I have a general question regarding GradCAM vs Image Segmentation. It seems like GradCAM is able to locate the disease area based on the CNN model used in learning multiclass disease labels. It doesn’t require retraining a new model. Image Segmentation on the other hand do need labelled data on pixel ( or voxel ) label across all disease classes. Then wouldn’t GradCAM be enough already to do the job of highlighting the disease? Why would people need Image Segmentation here? I understand Image Segmentation is useful for car auto-driving objection detection because it require precise boundary of detected object for safe driving. But here in medical images, it seems like GradCAM can do the job already.
Another question for Image Segmentation specifically. Based on my understanding, to train/evaluate the model, train / dev / test datasets need to have labels for each pixel ( or voxel). Is this even humanly possible to manually label all pixels (or voxels) for thousands of thousands of image samples? Especially for high resolution X-rays/CT-scan when the image size is quite huge already.

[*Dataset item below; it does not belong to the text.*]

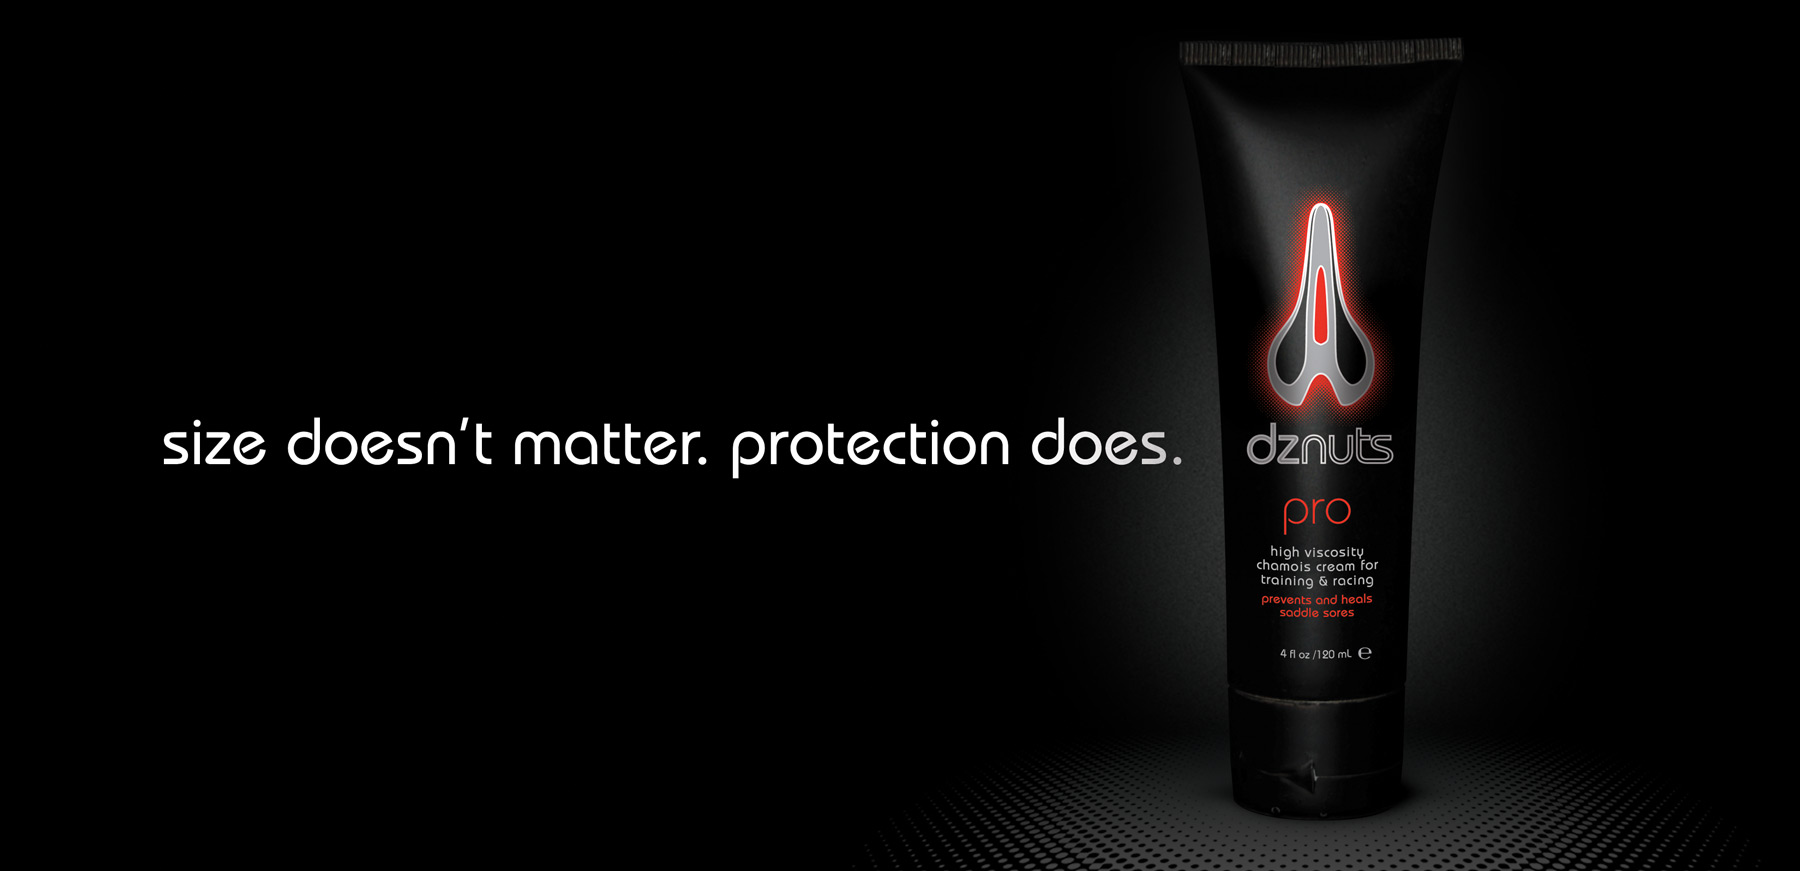 DZ Nuts pro product image

In addition, image processing often include a preprocessing step to normalize/scale the picture, including its size. During training, for an input image which has pixel (or voxel) level labels before feeding into model to learn, how would you handle these labels after the picture is rescales? For example, originally you have 1024 * 1024 labels for each pixel, what the labels would be for a rescaled image of 300 * 300 during training?